Guarda il cane, non l'uomo di cui vede solo le gambe: quello, non gli interessa proprio.
Guarda il cane, cerca di capirne le condizioni. Gli alza una palpebra, tocca la pupilla: nessuna reazione. Le mandibole, socchiuse in un ghigno, scoprono denti frantumati.
Un muso un po' troppo a punta, zampe un po' troppo corte per essere di razza ma neppure un bastardo merita di morire a bastonate su di un marciapiedi.
Le mani pulsano, le articolazioni iniziano a far male e a gonfiarsi. Ha perfino difficoltà ad aprire la macchina.
La mattina dopo esce da casa prima del solito, più in fretta che mai, in disordine.

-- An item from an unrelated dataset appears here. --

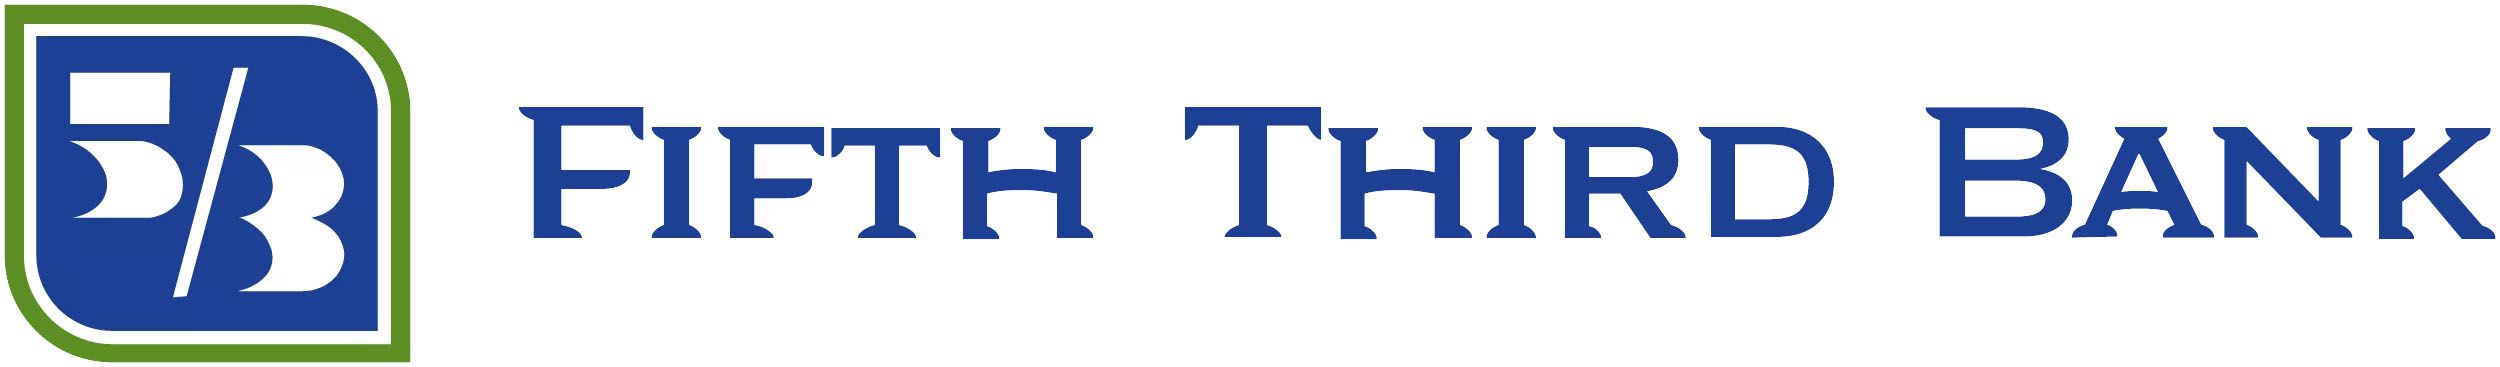 fifth third logo

Passa una signora elegante con un barboncino bianco al guinzaglio. Sono uguali, stesso incedere legnoso, stessa espressione distante e un po' vanesia. Stesso colore di pelo e capelli, stessi riccioli. Lo guardano entrambi: quattro occhi del medesimo colore.
Il Globe & Mail è al solito posto, nello scatolone metallico, sull'angolo della via.
Monetine.
Pagine e pagine che passano veloci per arrivare alla cronaca nera. Magra, perchè non sono molti gli avvenimenti di quel genere in una città come Toronto.

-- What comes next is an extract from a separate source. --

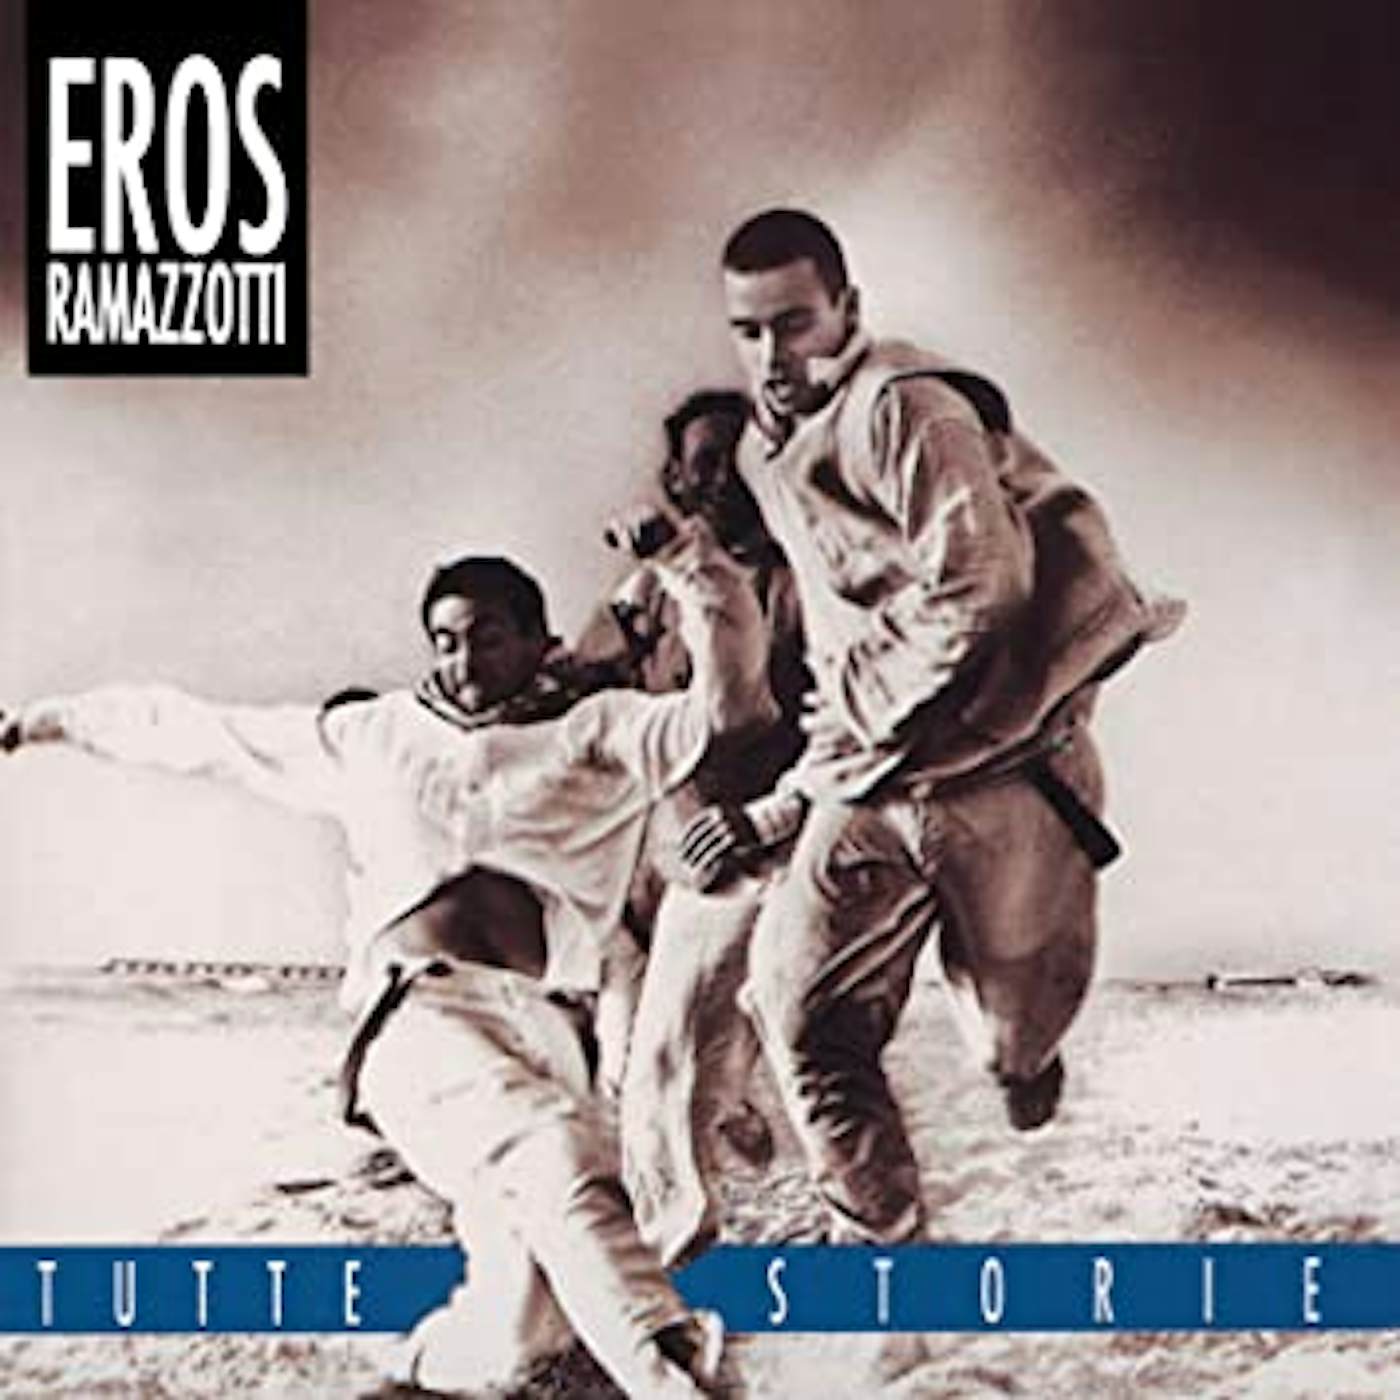 Eros Ramazzotti Tutte Storie Vinyl Record

"A MAN DEAD BESIDE A DEAD DOG"
"La RCMP (Royal Canadian Mounted Police, le Giubbe Rosse) sta indagando sul misterioso fatto di sangue che ha coinvolto un nostro concittadino e un cane, entrambi trovati morti in un vicolo nei pressi di Yonge Street. Previsti per domani i risultati dell'esame autoptico. Le Autorità si chiedono..."

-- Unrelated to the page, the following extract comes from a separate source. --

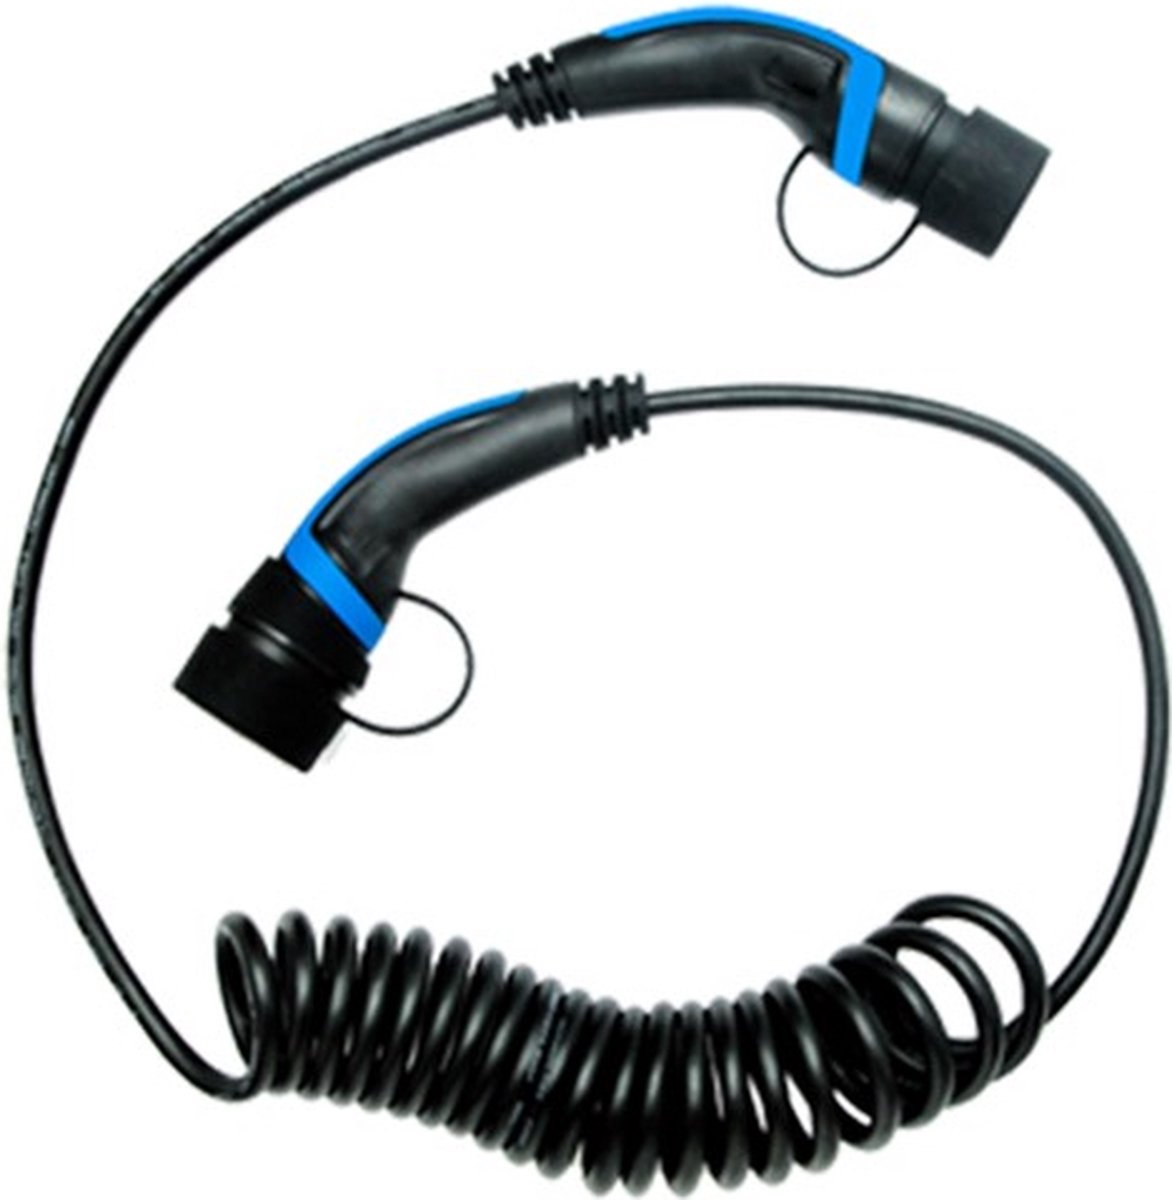 Apeks Electrical - Câble de charge EV en spirale enroulée - Type 2

I caratteri in grassetto sembrano perforare il foglio e appiccicarsi al suo viso sudato.
Ha le vertigini, vorrebbe vomitare. Si sente come un tossico in crisi d'astinenza, anche se quella roba non l'ha mai provata, canne a parte.
Risente lo scricchiolio delle ossa, un sospiro, un rigurgito. Liquidi organici sotto il mucchio di pelo ancora caldo, il ghigno congelato sui denti. Una morte disperata e incomprensibile, un dolore che arriva inspiegabile.
Nausea e senso di vuoto. Sudore ovunque.
Poi una mano sul braccio. Una manica blu e in cima dei gradi dorati.
" Are you ok? Tutto bene? Qualcosa non va? "
Un bel viso, volenteroso e biondo.
Sono tutti cosi' i policemen canadesi: biondi e volenterosi.
"To serve and protect" recita il distintivo che gli luccica sulla spalla.
"Beh - gli vien fatto di pensare - chi ha protetto chi, stanotte in Yonge Street? Basterebbe che lo dicesse ora, a quel viso pieno di lentiggini. Sarebbe sufficiente dichiarare: "Sono stato io, guardi le mani, con queste l'ho fatto, con queste!"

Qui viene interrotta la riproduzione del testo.